I think the issue here is with the multiple if conditions. If the first condition becomes true then "sendVerboseDevError" function will be executed. Which has following code

res.status(err.status).json({
    status: err.status,
    name: err.name,
    path: err.path,
    errors: err.errors,
    message: err.message,
    stack: err.stack,
});

after this function the response header will be set. Then the flow if going into the rest of the if conditions if the conditions is true and then again some other function is getting called which is trying to set response again. That's why you are getting error "Cannot set headers after they are sent to the client" You need to call "next()" method after setting the response.

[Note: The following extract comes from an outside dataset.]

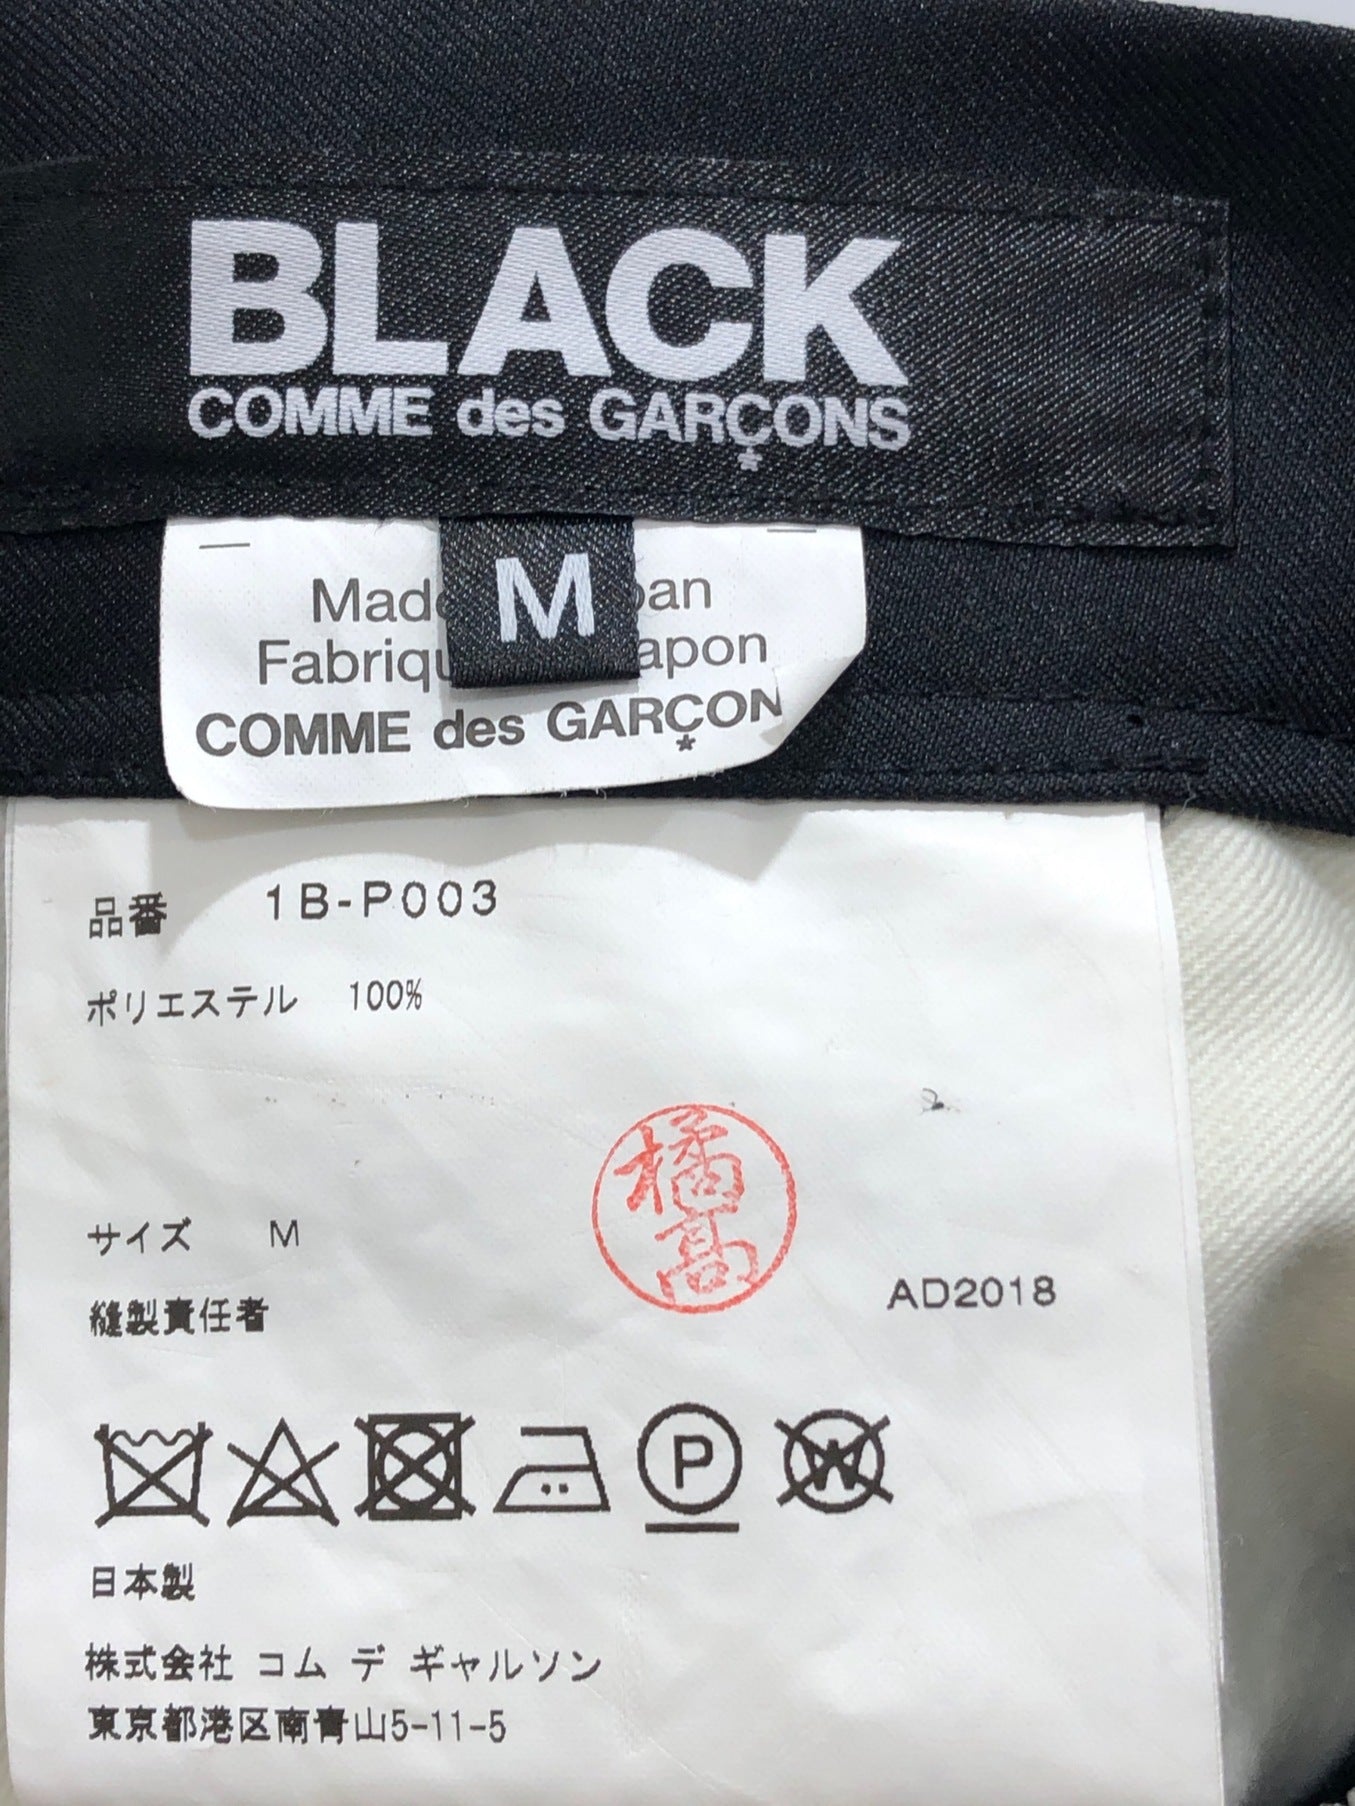 Black Comme des Garcons สีกางเกง 1B-P003

So you should add "next()" method at the bottom in each if conditions.

something like

    module.exports = (err, req, res, next) => {

    if (process.env.APP_ENV === 'development'){
        sendVerboseDevError(err, res);
        next();
    }
    if (err.name === 'CastError') {
        err = prodDBCastError(err);
        next();
    }
    if (err.name === 'MongoError') {
        err = prodDBDuplicateFieldsError(err);
        next();
    }
    if (err.name === 'ValidationError') {
        err = prodDBDValidationError(err);
        next();
    }
    if (err.name === 'Bad Request') {
        err = handleBadRequestDB(err);
        next();
    }

    sendProdError(err, res);
    next();
};

the next function will terminate the API call and return the response and preventing it to set the response again after response has been set by any function executed before the current one.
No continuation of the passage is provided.